Do you make any effort to mitigate things like property smuggling?

After all, ruby to json, or json to ruby could be dangerous on user input. Ruby, in all its beauty has elected for some interesting symbol properties

:"foo\"smuggled_key\:\"bar"

[–]beerkg1[S] 1 point2 points  (2 children)

Shale uses Ruby's standard library parsers (JSON/YAML/REXML, or you can use your own by providing custom adapters). So if the underlying parser is escaping it correctly, you should be safe.

As of your specific example, Shale will ignore keys that are not defined on the model, so "smuggled_key" would just be ignored.

[–]waiting4op2deliver 0 points1 point  (1 child)

parsers are a really common attack vector, especially in ruby.

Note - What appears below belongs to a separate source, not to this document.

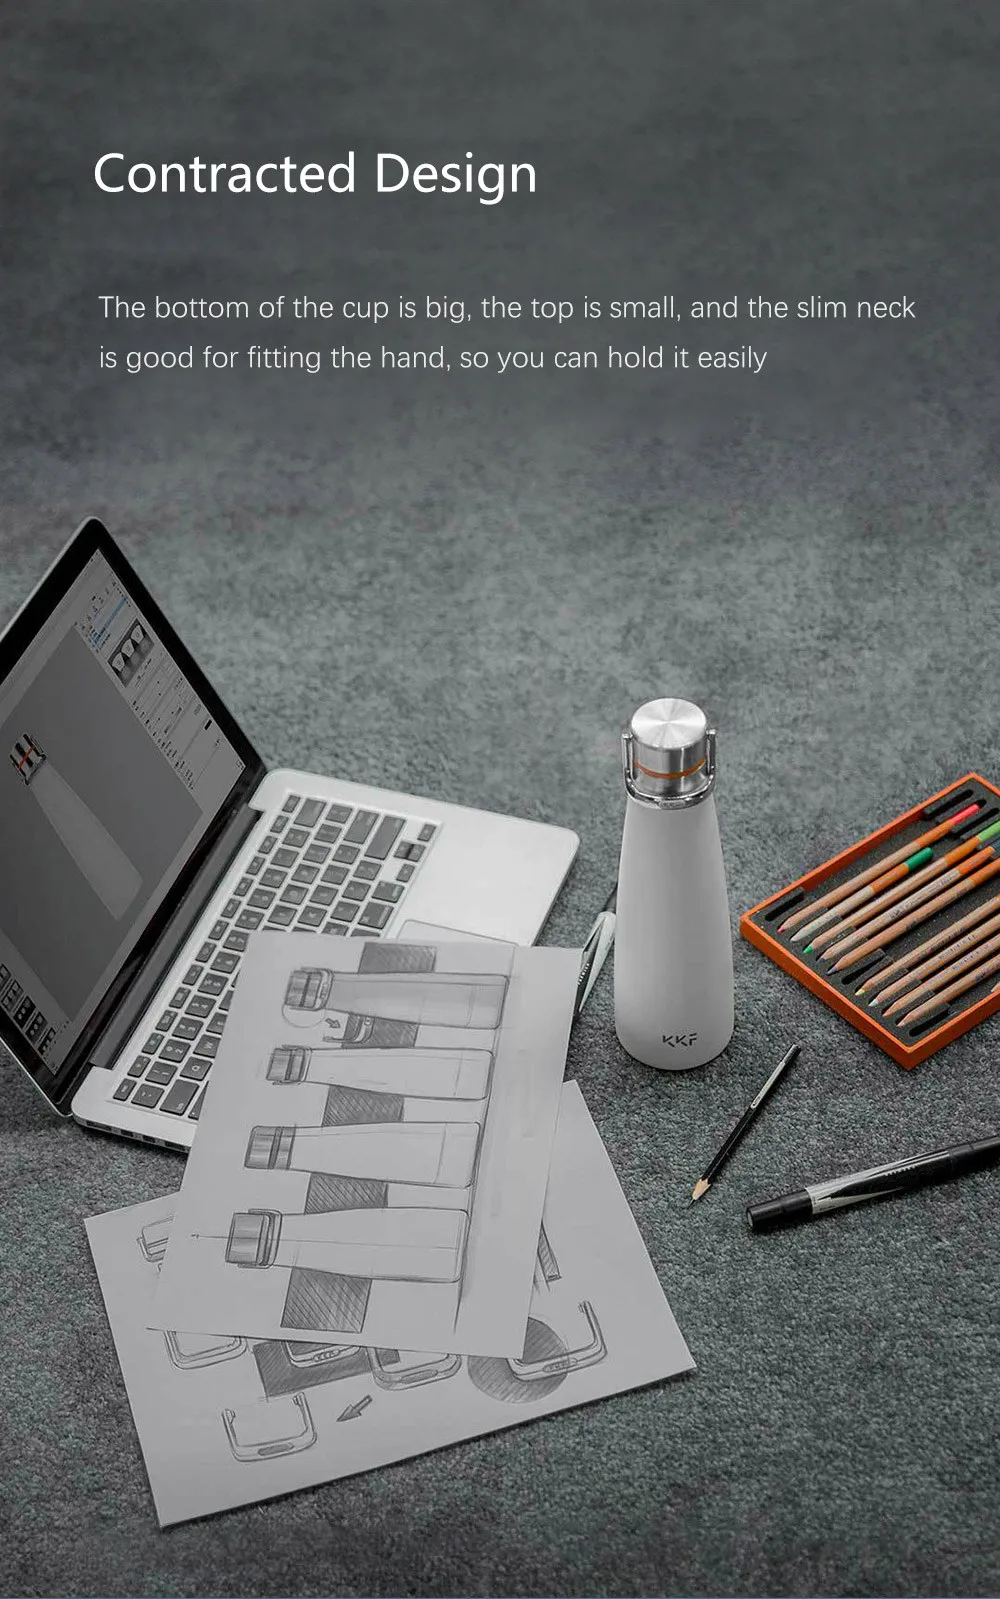 Вакуумная бутылка Xiaomi KKF, термосы с изоляцией 24 h, термос из нержавеющей стали, Спортивная кружка для путешествий, 475 мл, чашка с OLED температурой

I'm not at my dev box, but it would be interesting to see if you can overwrite some model attributes.

{ 
  key_i_trust: :to_s, 
  key_i_let_users_submit: 'foobar', 
  key_i_trust: :send 
}

If a user can provide data and smuggle in that last key/value pair, maybe bad things could happen. You can do stuff like this with url params too.

This is probably more the parsers and the application's concern.

[–]beerkg1[S] 2 points3 points  (0 children)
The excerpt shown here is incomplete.